Die psychologische Literatur bietet umfangreiches Material zu dieser Thematik, so daß der interessierte Leser dort Vertiefendes finden wird. Zur Einführung sei Erich Fromm's "Die Pathologie der Normalität" empfohlen. Die dort befindliche Literaturliste mag den interessierten Laien weiterführen.

Wer sich wie ich und meinesgleichen aus echtem Interesse (das wörtlich übersetzt darinnen sein bedeutet) mit diesen Zusammenhängen befaßt, schützt sich durch das Erkennen dieser Kausalitäten vor dem falschen Bedürfnis nach Macht. Somit läßt sich ohne weiteres behaupten, daß Bildung – und damit meine ich nicht das, was heute so leichtfertig als Allgemeinbildung verkauft wird: das rein angelesene Wissen über berühmte Menschen oder Geschichtsdaten, sondern vielmehr humanistisch-philosophische Bildung – eine Grundlage und ein Garant für moralisch-ethisches Verhalten darstellt. Sozialisierung bedeutet nicht, wie die ahnungslosen Ökonomen (die sich Wirtschaftswissenschaftler nennen) uns lehren, den Menschen zu versklaven. (Die drücken das natürlich etwas freundlicher aus, meinen aber dennoch, unausweichliche Zwänge etablieren zu müssen, weil an jeder Wirtschaftsflaute die arbeitende Bevölkerung Schuld hat, die nicht genug malocht, die zu viel Geld für ihre Arbeit will und die sowieso ein faules Pack ist, das man täglich zur Arbeit antreiben muß.) Sozialisierung bedeutet die Vermittlung von Werten. In unserer Gesellschaft werden aber Unwerte belohnt, Werte sind verpönt. Zwar redet man im Allgemeinen von erstrebenswerten Tugenden, doch wer sich diese leistet, wer sie tatsächlich lebt, zieht nicht selten den Haß seiner Mitmenschen auf sich. Das Wort "Gutmensch" wurde längst zu einem Schimpfwort degradiert. Das Mißtrauen, das dargestellter Tugendhaftigkeit heute allgemein entgegengebracht wird, ist für mich durchaus verständlich: zu viele simulieren eine humanistische Haltung, um die Menschen damit zu manipulieren und um davon materiell zu profitieren. Im Handeln sind die meisten Menschen heute nicht mehr besonders tugendhaft. Ja, Tugendhaftigkeit hat in großen Kreisen der Bevölkerung inzwischen einen negativen Beigeschmack bekommen. Hier zeigt sich wieder einmal die Macht des psychologischen Prinzips der Rationalisierung. Der Mensch redet sich ein, gut zu sein, und ist in seinen Taten um so schlechter. Wer in seinen Taten gut ist, muß nicht ständig darüber reden. (Analog zu Leuten, die ständig übers Bumsen reden, weil sie keinen Geschlechtsverkehr haben.)

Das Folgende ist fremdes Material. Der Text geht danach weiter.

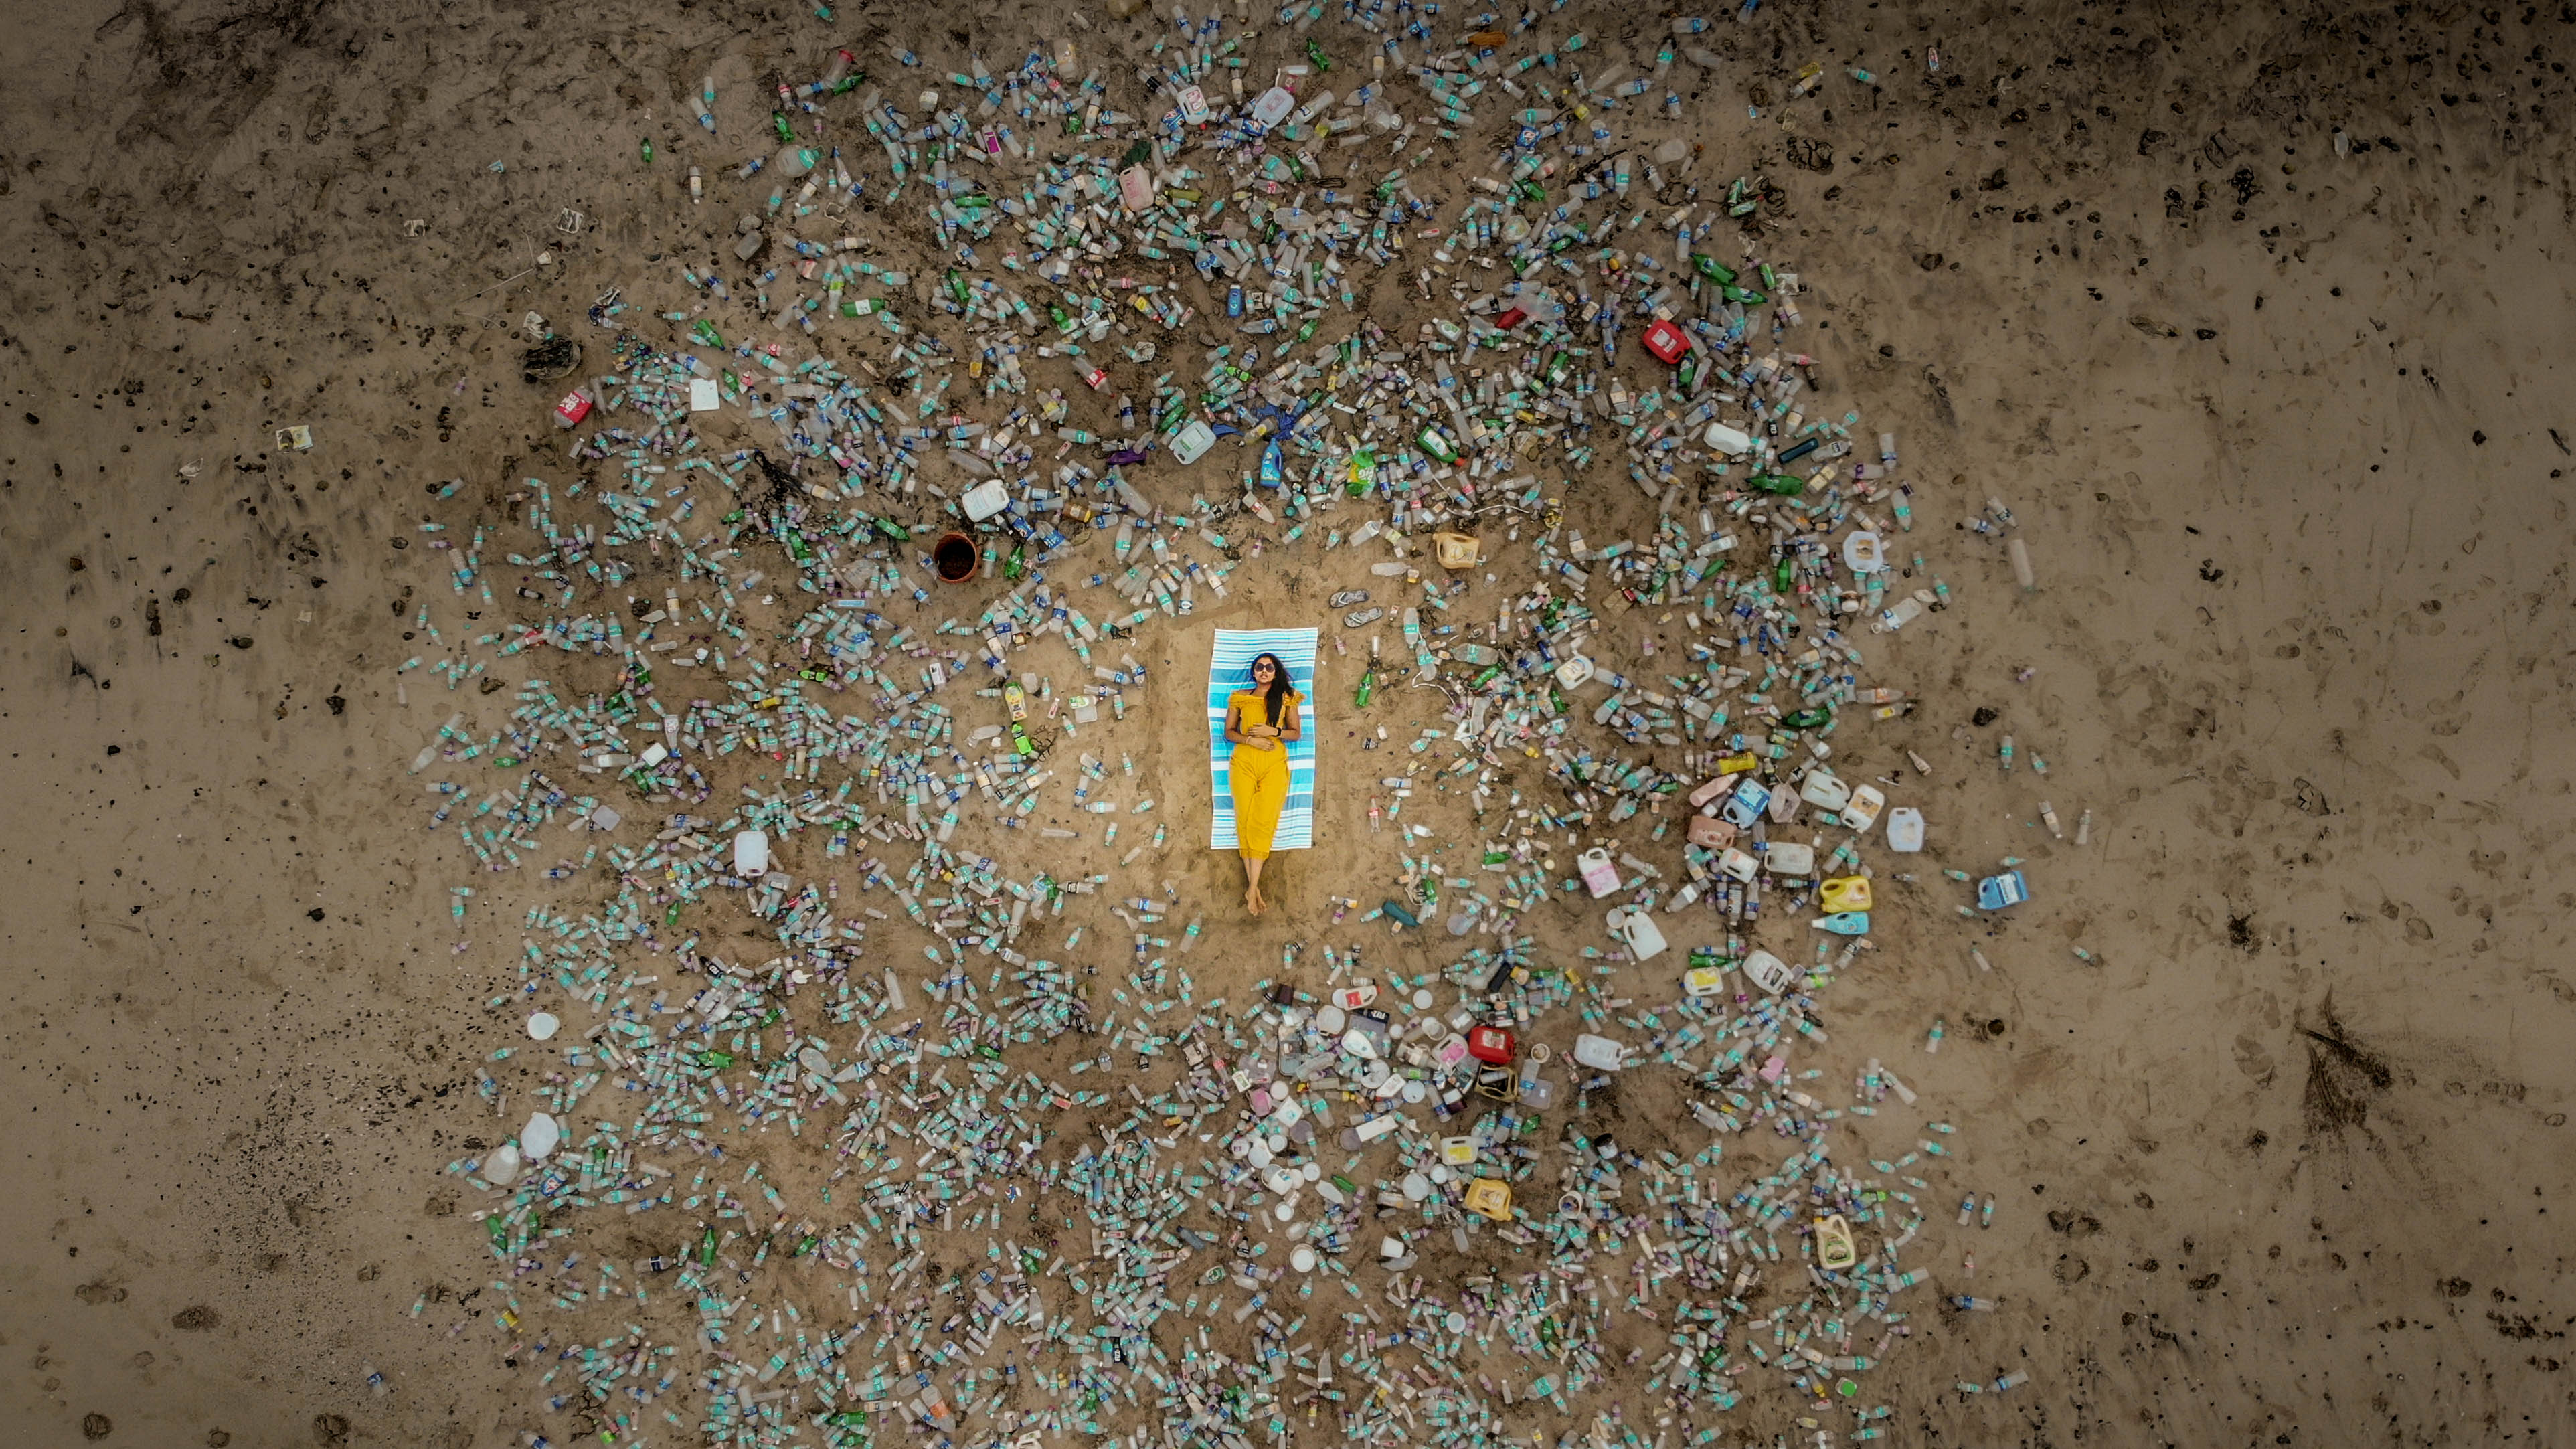 A person reclines on a chair on a beach surrounded by plastic bottles

Es ist für mich in keinster Weise nachvollziehbar, warum Leute, die Abgeordnete genannt werden, nach Kriterien wie Durchsetzungsvermögen und Skrupellosigkeit ausgesucht werden. Diese Kritieren sind vielleicht einer wilden Affenhorde würdig, die sich den grausamsten aus ihrer Mitte zum Anführer wählt, aber dem, was der Mensch potentiell ist, vollkommen unwürdig.

Ich plädiere daher für eine umfassende Charakter- und Gesinnungsprüfung aller Menschen, die sich um öffentliche Ämter bewerben. Dabei sollte der jeweilige Aspirant in erster Linie auf geistige Gesundheit überprüft werden, aber auch auf seelische Verhärtungen, die Folgen früher Traumatisierungen sind. Es erscheint mir wichtig, Personen, die einen lebensfeindlichen (autoritären bis nekrophilen) Charakter aufweisen, von der Übernahme öffentlicher Ämter auszuschließen. Die psychologischen Meßwerkzeuge dafür sind vorhanden.

Ebensowenig erscheint es mir sinnvoll, einigen Wenigen unter uns den Großteil der planetarischen Ressourcen zu überlassen und der großen Masse nur die Krümel. Wieso benötigen wir heute noch gottgleiche Kaiser und Könige, auch wenn wir sie anders benennen? Die Menschen reden ständig davon, in modernen Zeiten zu leben. Doch das einzige, was diese Zeiten von früheren unterscheidet, ist die hochentwickelte Technik. Innergesellschaftlich befinden wir uns weiterhin in einer Feudalgesellschaft. Die bekannten und in der Schule erlernten Merkmale demokratischer Gesellschaftsstruktur sind lediglich rudimentär und sollen die naiven, ungebildeten Bürger davon ablenken, daß sie in Wirklichkeit gar nichts zu melden haben, sondern lediglich die Herde sind, von der sich die "Großen" nähren.

Für mich allerdings sehr verständlich und nachvollziehbar ist die Tatsache, daß Industrienationen, wie wir sie heute fast auf der ganzen Welt haben, eine sehr neue, im Vergleich mit der ganzen Menschheitsgeschichte erst Sekunden währende Erscheinung sind. Ich verstehe heute, nachdem ich viel über frühere Zeiten gelesen habe, sehr gut, daß die Menschen nicht so ohne weiteres mit dieser Lebensform zurechtkommen, daß quasi alles aus dem Ruder läuft – je mehr reglementiert wird, desto heftiger. Es wurde quasi vergessen, den Menschen ebenso weiterzuentwickeln wie die Technik.

Wenn erst einmal diese eine Einsicht, daß wir Menschen Schwestern und Brüder sind, daß wir heute mehr denn je Solidarität statt Konkurrenzverhalten benötigen, daß es auf das Bewußtsein jedes Einzelnen ankommt – wenn dieses Bewußtsein auf breiter Basis Fuß gefaßt hat, dann kanns weitergehen, dann wird echter Fortschritt unaufhaltsam. Derzeit siehts aber leider so aus, als wäre der Untergang unabänderlich vorprogrammiert. Doch davon darf man sich als echter Glaubensbruder – ja, ich glaube an das Gute im Menschen, an seine Fähigkeit, sich aus diesem Schlamassel herauszuarbeiten – nicht beirren lassen. Ich war persönlich schon sehr vielen schlimmen Situationen wie Obdachlosigkeit, Arbeitslosigkeit, gewalttätiger Übermacht gegenübergestanden u.v.m., und habe bis heute niemals aufgegeben.

Wir haben nur dieses eine Leben! Werft es nicht weg, verirrt euch nicht in Sackgassen, aus denen es dann meist kein Zurück mehr gibt! Entwickelt echtes Interesse und Engagement für das menschliche Bewußtsein! Es lohnt sich!!!